Metamorfoses na avaliação em educação física: da formação inicial à prática pedagógica escolar

A estruturação da prática pedagógica em Educação Física caracteriza-se como um processo dinâmico permeado por intensas transformações, especificamente as metamorfoses nas práticas avaliativas. Elas se iniciam com as pré-concepções incorporadas ou vivenciadas nas experiências em relação à avaliação nos ensinos fundamental e médio. Com a entrada no curso de formação inicial, o indivíduo experimenta um processo de modelação pelo contato com os conteúdos e discussões desenvolvidas nas diversas disciplinas curriculares, modificando ou consolidando suas concepções iniciais. O ingresso no mercado de trabalho e o impacto com a cultura docente já instalada geram adaptações na sua prática pedagógica, especialmente no processo de avaliação da aprendizagem.

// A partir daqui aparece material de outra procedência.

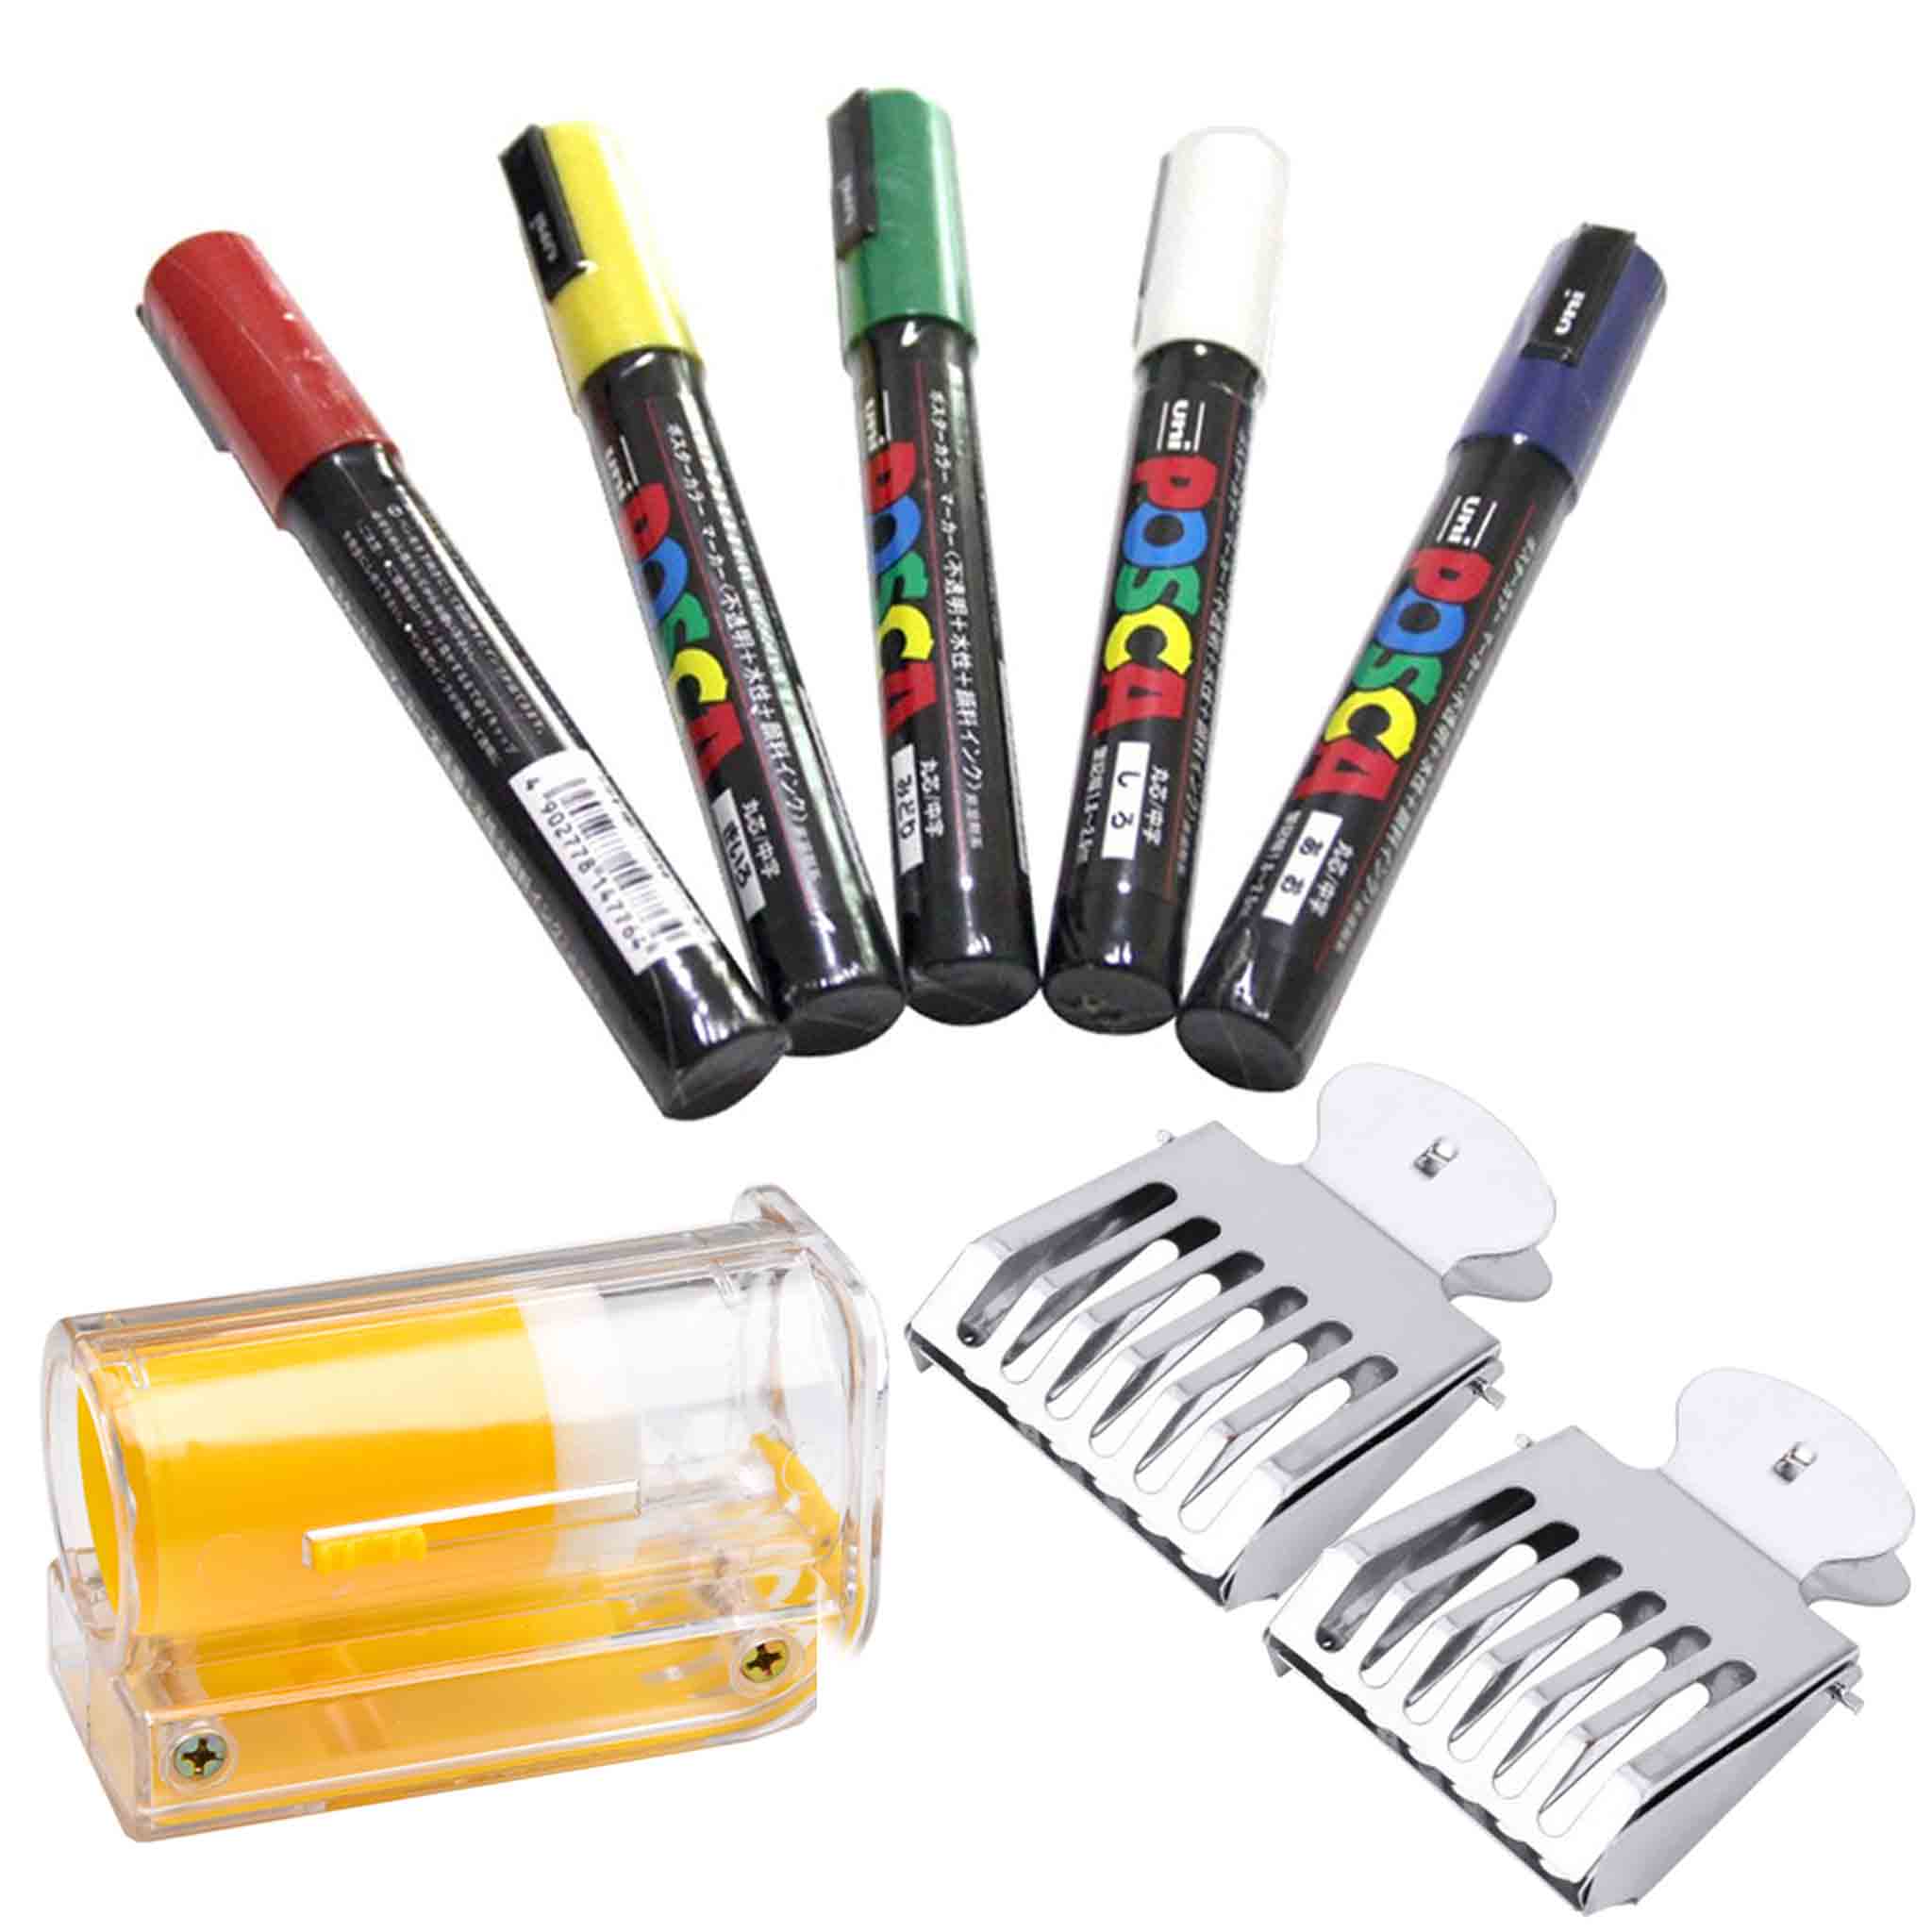 White Posca Water Based, Non Toxic Paint Pen Marker for Marking Queen Bees  Safely with a White Dot

Nessa perspectiva, esta investigação analisou o processo de estruturação das práticas avaliativas implementadas na Educação Física escolar pelos egressos do curso de Educação Física da UNIOESTE. Para tanto, utilizou-se a metodologia descritiva-interpretativa com abordagem qualitativa dos dados. Os participantes consistiram de professores egressos, docentes formadores e estudantes formandos do curso de Educação Física da UNIOESTE. O instrumento utilizado na coleta dos dados consistiu de entrevista semi-estruturada, com questões abertas. Em relação às experiências advindas dos ensinos fundamental e médio, verificou-se que os docentes formadores e os professores egressos vivenciaram com maior ênfase a avaliação de desempenho físico e técnico, já os estudantes formandos experimentaram mais a avaliação voltada à participação nas aulas práticas. No que se refere ao período de formação inicial em Educação Física, percebeu-se que a maioria vivenciou avaliações que privilegiavam identificar a quantidade e o grau de retenção dos conhecimentos teóricos assim como avaliações do desempenho técnico e físico. Na análise das características das práticas avaliativas implementadas na Educação Física escolar, identificou-se que os professores egressos enfatizavam a análise da participação nas aulas, utilizando a observação, com o objetivo principal de estimular o envolvimento dos alunos com as atividades propostas. Neste sentido, observou-se o fraco impacto da formação inicial no processo de estruturação das práticas avaliativas, já que a experiência profissional advinda da realidade educacional foi mais significativa na consolidação das concepções de avaliação.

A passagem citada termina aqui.